| In terms of category theory, what we would need is subtraction and division types on top of product and sum types. So a 32-bit integer is the product of 32 two-state bit types. Something akin to NonZero could be defined as that type minus one state, such that there are now 4294967296 - 1 representable values. Similarly, pointer types on some machines always have some bits set to 0 due to hardware constraints. These can be represented in the type system as 2^64 / 2^n where 'n' is the number of bits that are not usable, resulting in something like 2^46 for typical CPUs. This would allow extra bits of state to be "packed in there". This concept is more generally useful, not just for bit-packing. For example, a database table row might be represented by a struct that contains a field for every column. But then, how to represent the result of a SELECT query!? Either you code-gen this into a new type, create that type manually, or use compiler-generated "unspeakable" type names. (Linq in C# does this.) Or... the language could natively support type division, so you could use one struct type for "all columns" and then use division on the type to delete columns you don't need for a particular query or REST response. There's a whole ecosystem of tools that work around the problem of not having this as a built-in feature in typical languages: AutoMapper, automap, Mapster, etc... |
I can see a couple of problem with this approach:
- you need to be able to talk about bit-level types, which contradicts the common assumption that all types are addressable, i.e. whose size and alignment is some positive integer (or zero) number of bytes;
- what if you want to substract more complex set of values?
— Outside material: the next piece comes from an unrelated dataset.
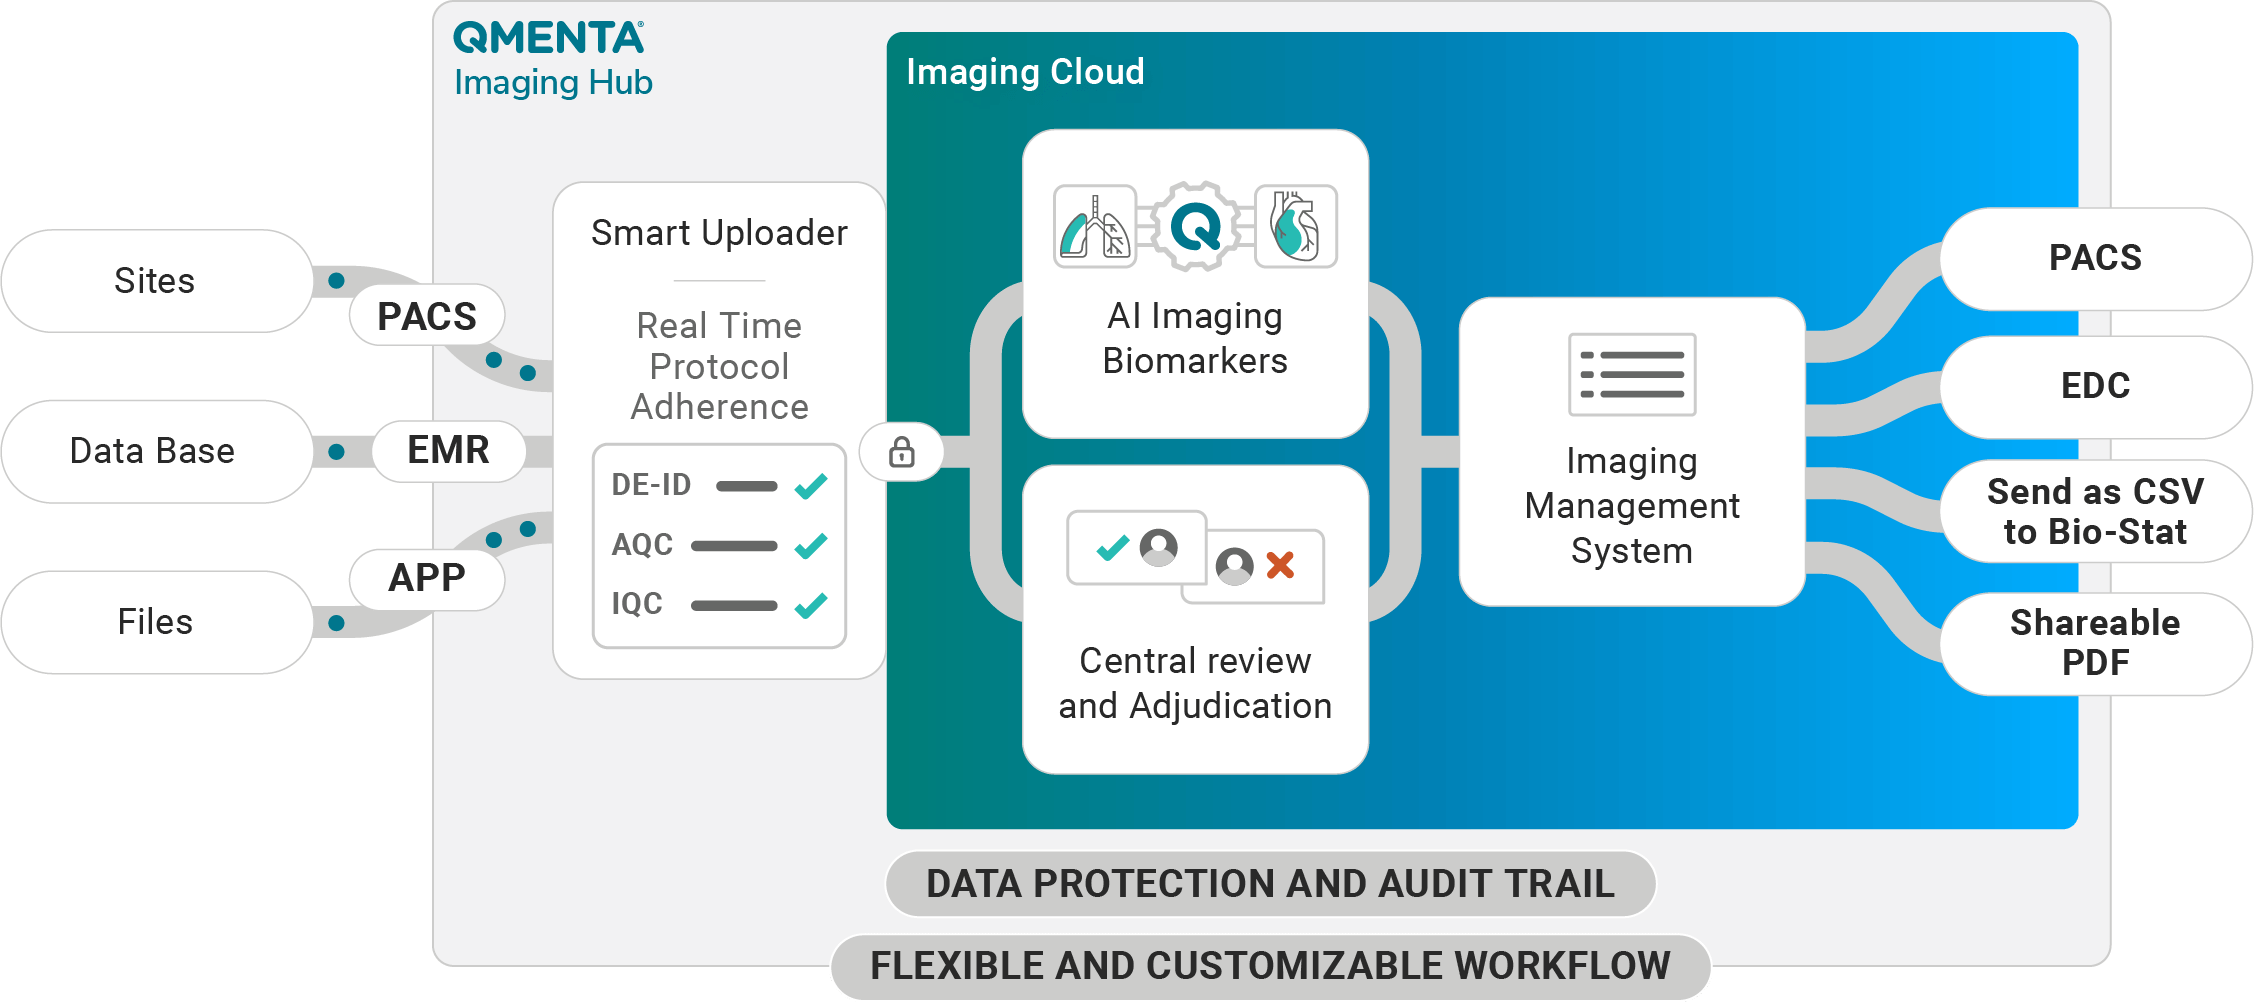 QMENTA-Imaging-Hub-Process-Cloud

For example describing a 32 bit number without all multiples of 7? And how do you encode this in the compiler in such a way that type checking remains decidable?
- how do you safely and concisely express conversions and operations on these kind of types?
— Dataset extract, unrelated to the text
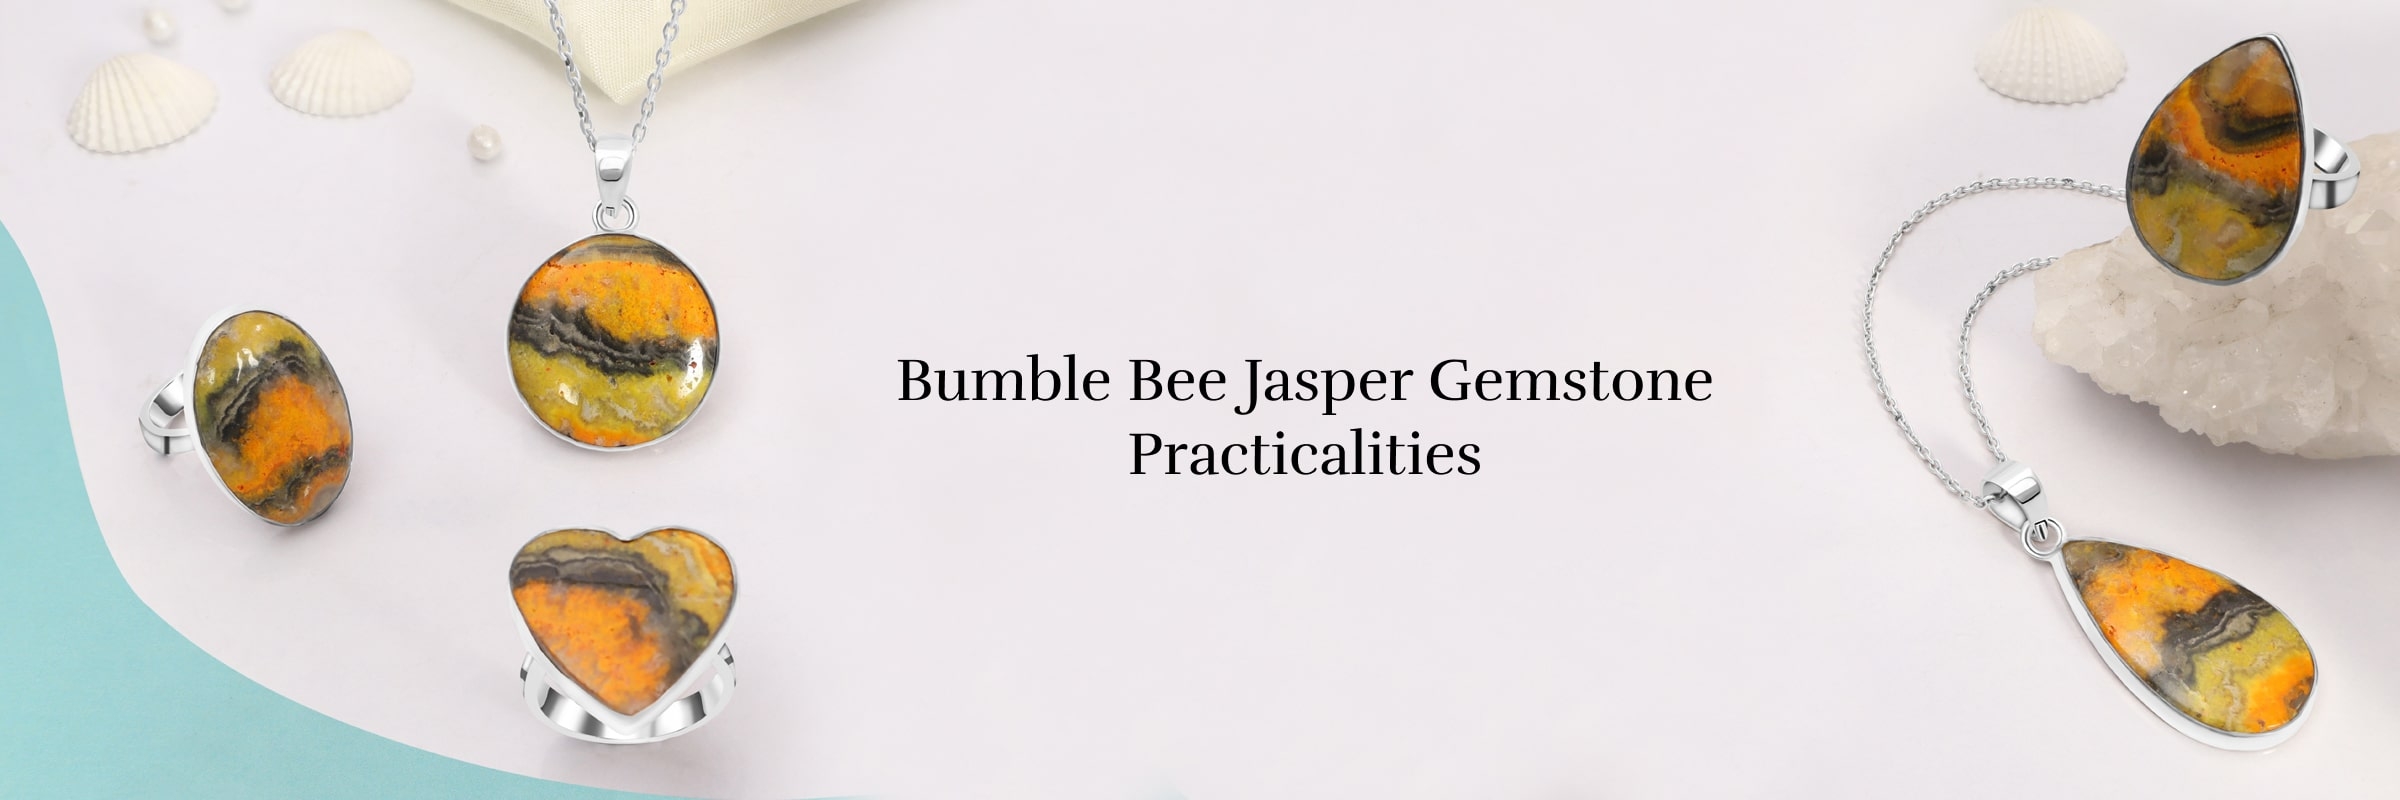 Uses of Bumble Bee Jasper Gem

> Similarly, pointer types on some machines always have some bits set to 0 due to hardware constraints. These can be represented in the type system as 2^64 / 2^n where 'n' is the number of bits that are not usable, resulting in something like 2^46 for typical CPUs. This would allow extra bits of state to be "packed in there".
Note that this is not forward compatible, since newer CPUs can start using more bits. In fact recent CPUs started using 57 bits instead of 48 bits, so a program that packed more state in those top bits would now be broken. You should generally instead try to pack data in the least significant bits that will always be 0 due to alignment constraints.
Moreover the top bits are not always 0, they are equal to the most relevant bit of the used part of the address. On Linux this just happens to always be 0 for userspace addresses (and 1 for kernel addresses) but this won't be the case on all architectures and OSes.
I also wonder how you would define these types using subtraction/division types such that they are different?
- the address type being 64 bits but using only the least significant 48 bits and having the top 16 bits always 0 - the address type being 64 bits but using only the least significant 48 bits and having the top 16 bits always equal to the 48th bit - the address type being 48 bits
Clearly these types are all isomorphic, but they are definitionally different and in a way that really matters to the hardware.